- Required action: Transcribe everything in the listing as written, and let no image into the copy.

- Source data:

::::::

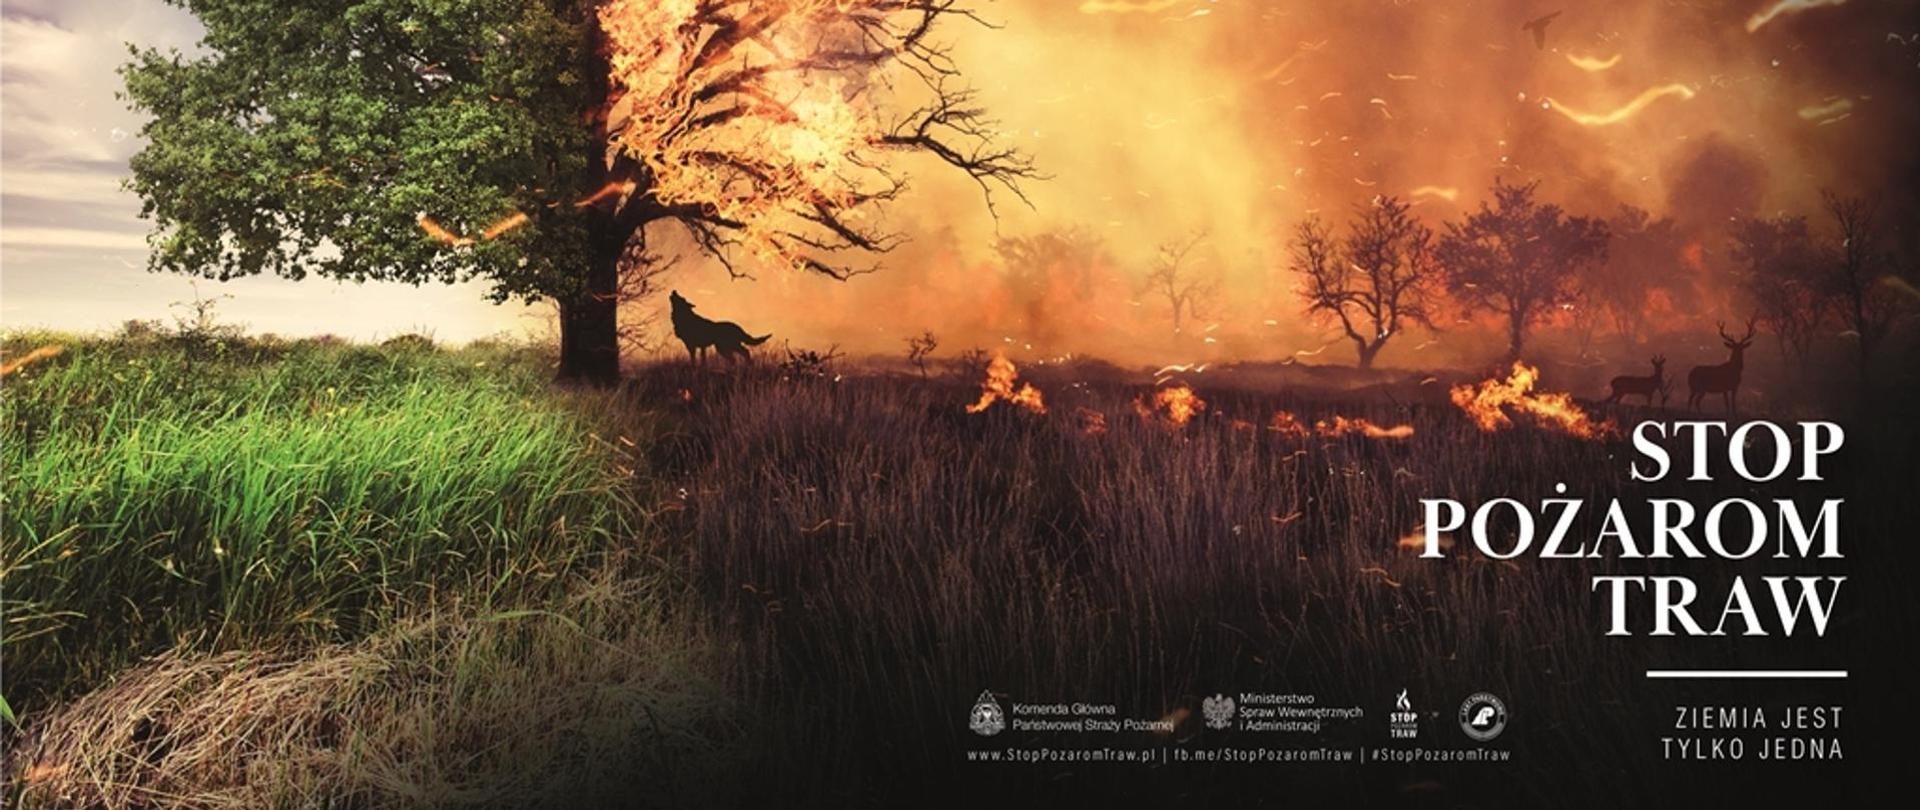 Na zdjęciu widać łąkę i drzewo przed i w trakcie pożaru
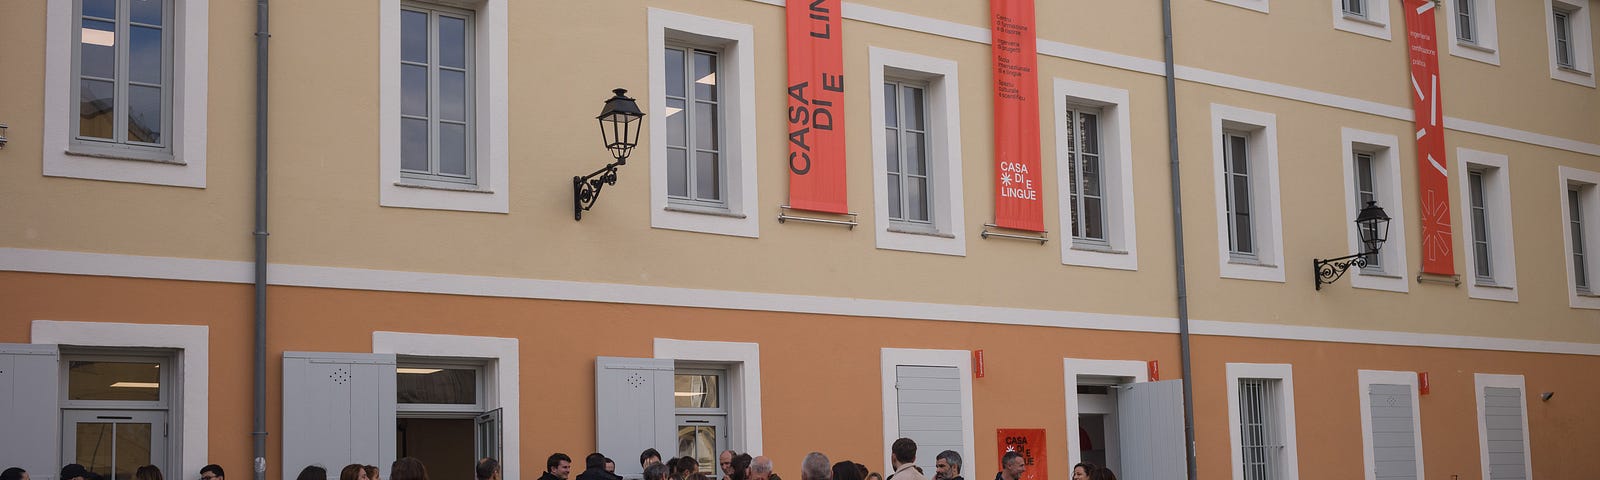 A crowd gathers outside Casa di e lingue, a mother-tongue institute in Bastia, Corsica
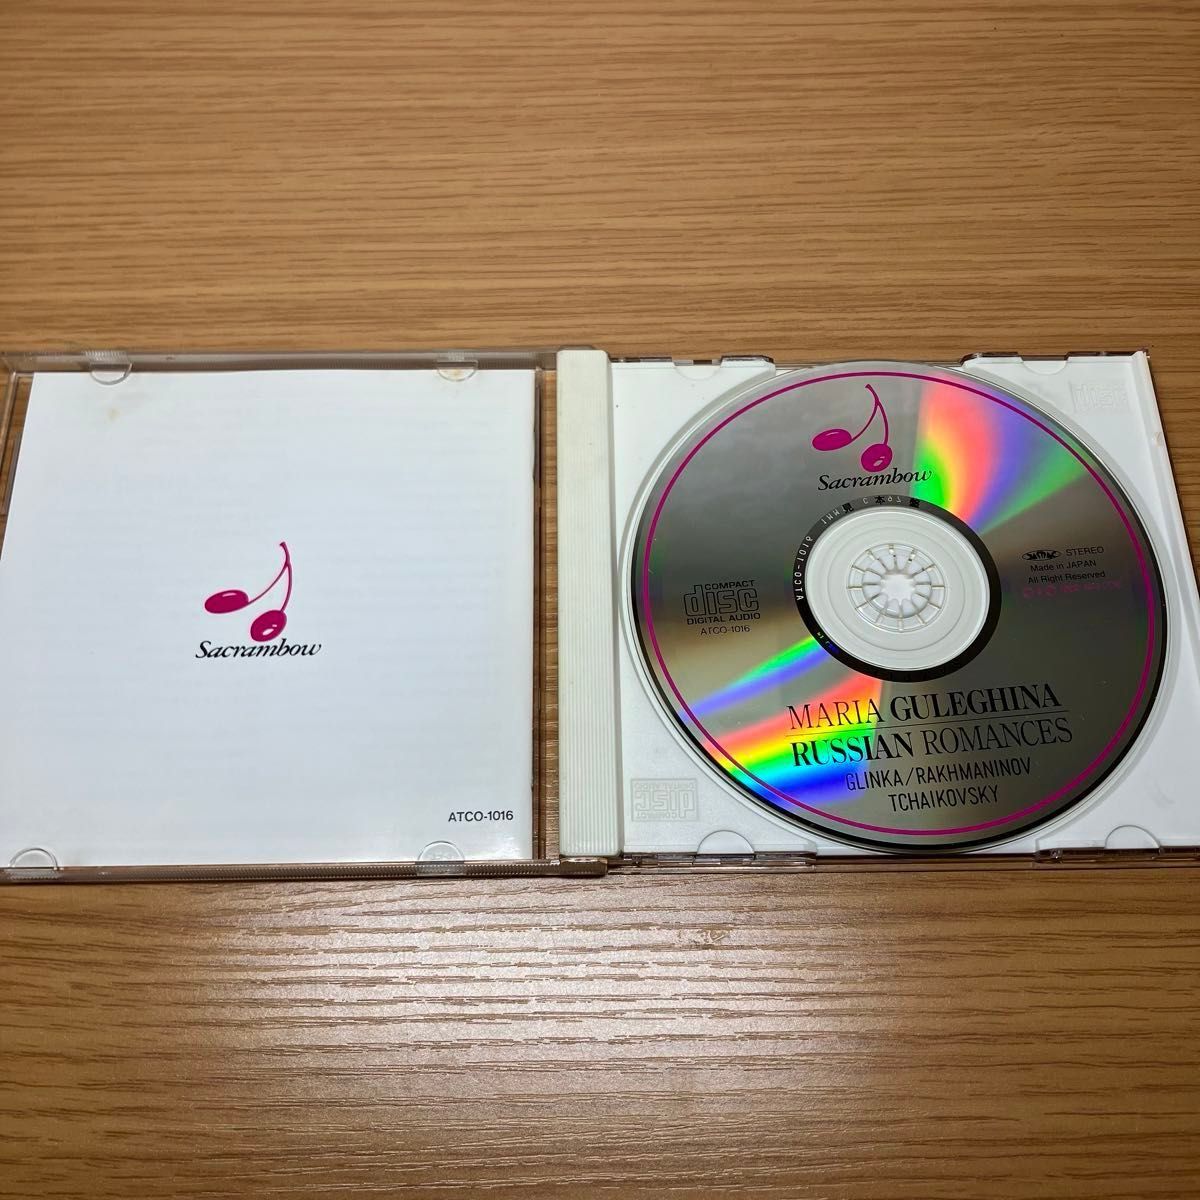  マリア・グレギーナ / ロシア ロマンス集 音楽CD サンプル盤
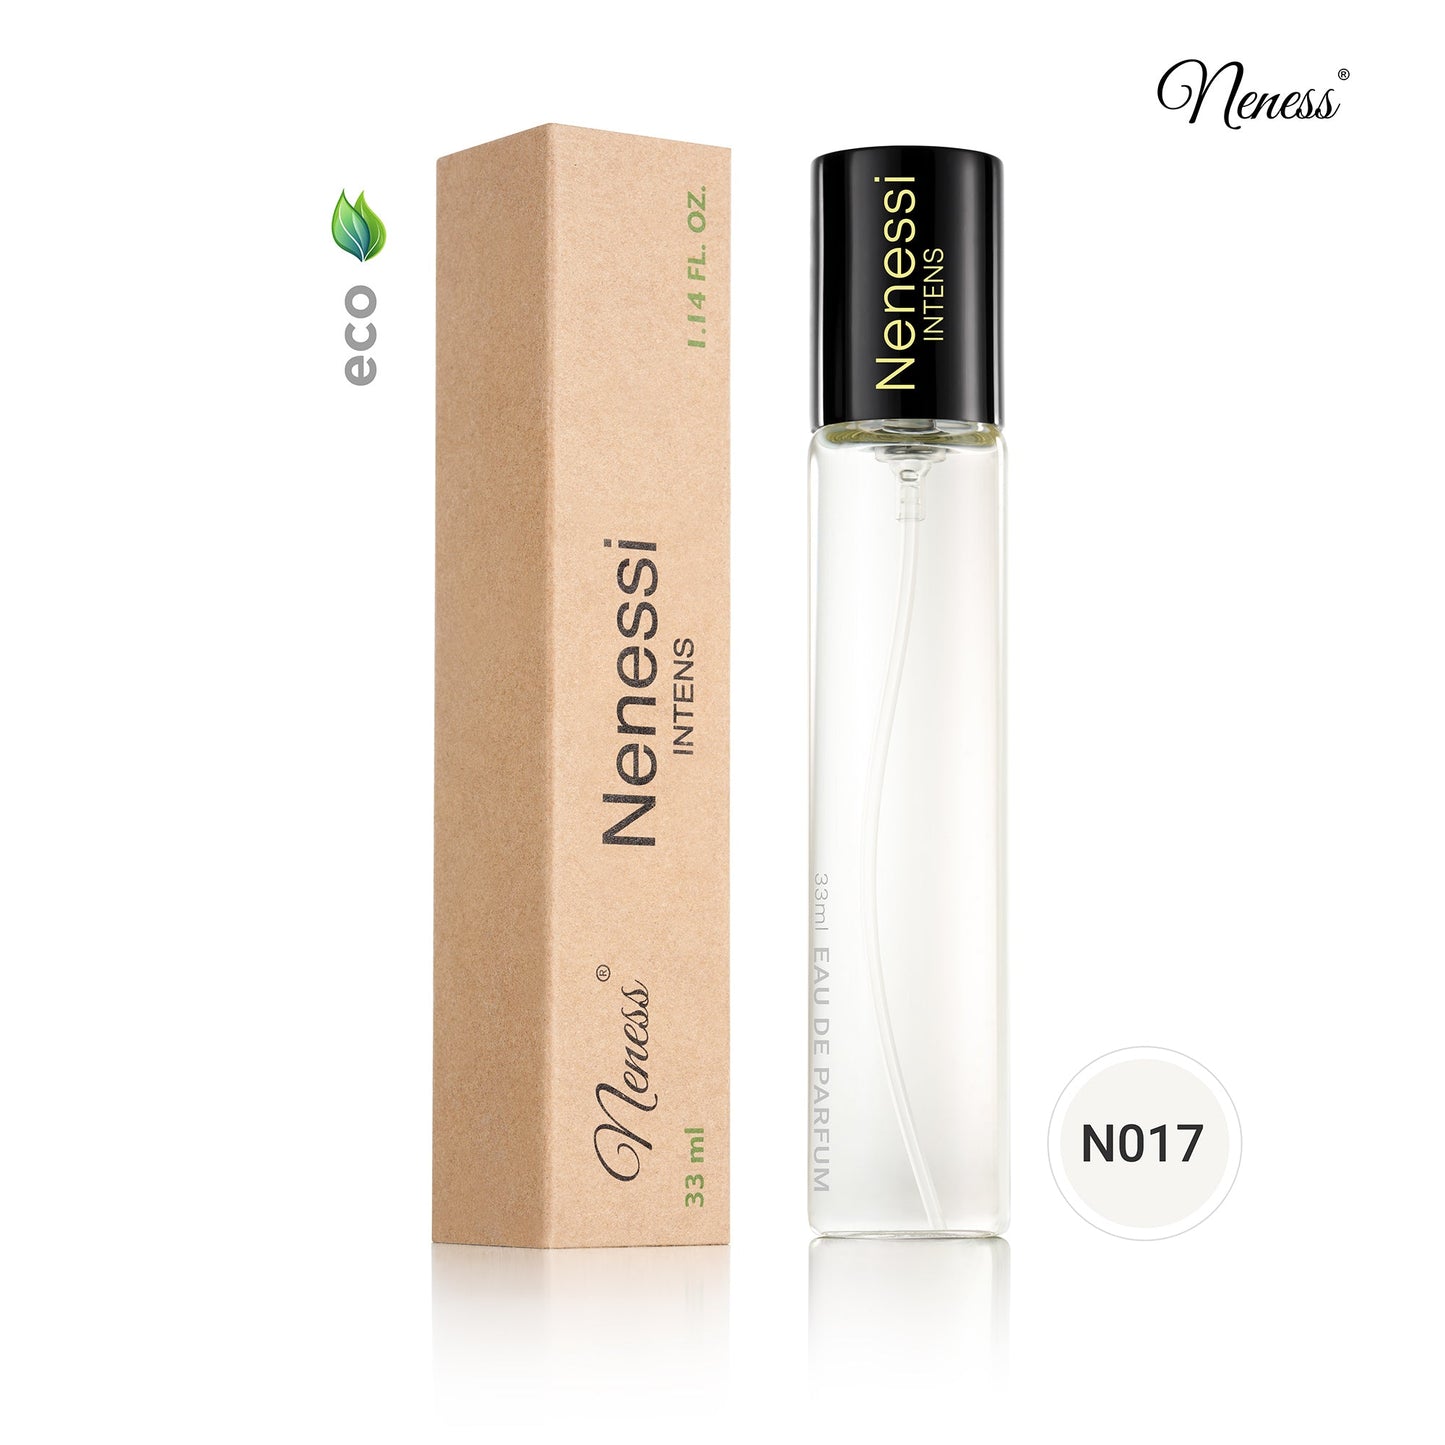 N017. Nenessi Intens - 33 ml - Parfum voor vrouwen

::::::

- Answer to this task:
 Na zdjęciu widać łąkę i drzewo przed i w trakcie pożaru
 A crowd gathers outside Casa di e lingue, a mother-tongue institute in Bastia, Corsica
  マリア・グレギーナ / ロシア ロマンス集 音楽CD サンプル盤
 N017. Nenessi Intens - 33 ml - Parfum voor vrouwen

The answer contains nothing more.